Bei Beamten können Überstunden auch durch Freizeitausgleich ausgeglichen werden. Dies zeigt ein Urteil des Verwaltungsgerichts Berlin (Aktenzeichen VG 26 K 58.14 ), wonach ein Polizeibeamter für seine Überstunden nach dem Landesbeamtengesetz einen Anspruch auf Dienstbefreiung hat.

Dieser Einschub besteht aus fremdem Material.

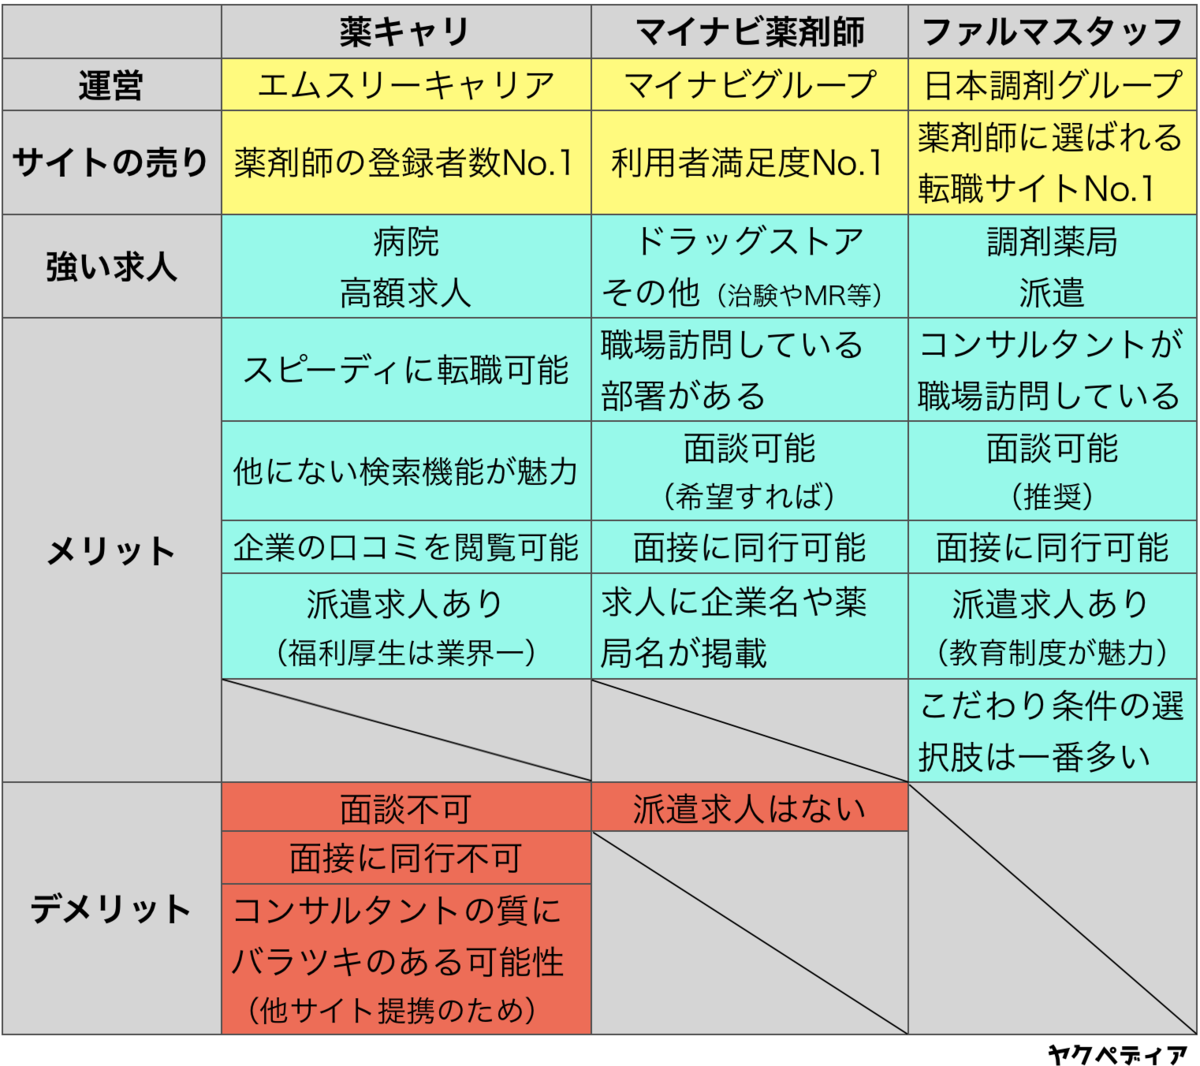 f:id:huji7:20200607215823p:plain

Daneben gibt es bei Beamten für Mehrarbeit die Möglichkeit einer zusätzlichen Vergütung. Dies gilt allerdings nicht im Fall einer Lehrerin, die an einer einwöchigen Klassenfahrt teilnimmt, entschied das Verwaltungsgericht Karlsruhe (Aktenzeichen 13 K 13256/17). Das Besoldungsrecht sieht für die Teilnahme an der Studienfahrt keine Mehrarbeits- oder eine anderweitige zusätzliche Vergütung vor. Diese gibt es für Lehrer beispielsweise, wenn sie überobligatorisch Unterrichtsstunden leisten.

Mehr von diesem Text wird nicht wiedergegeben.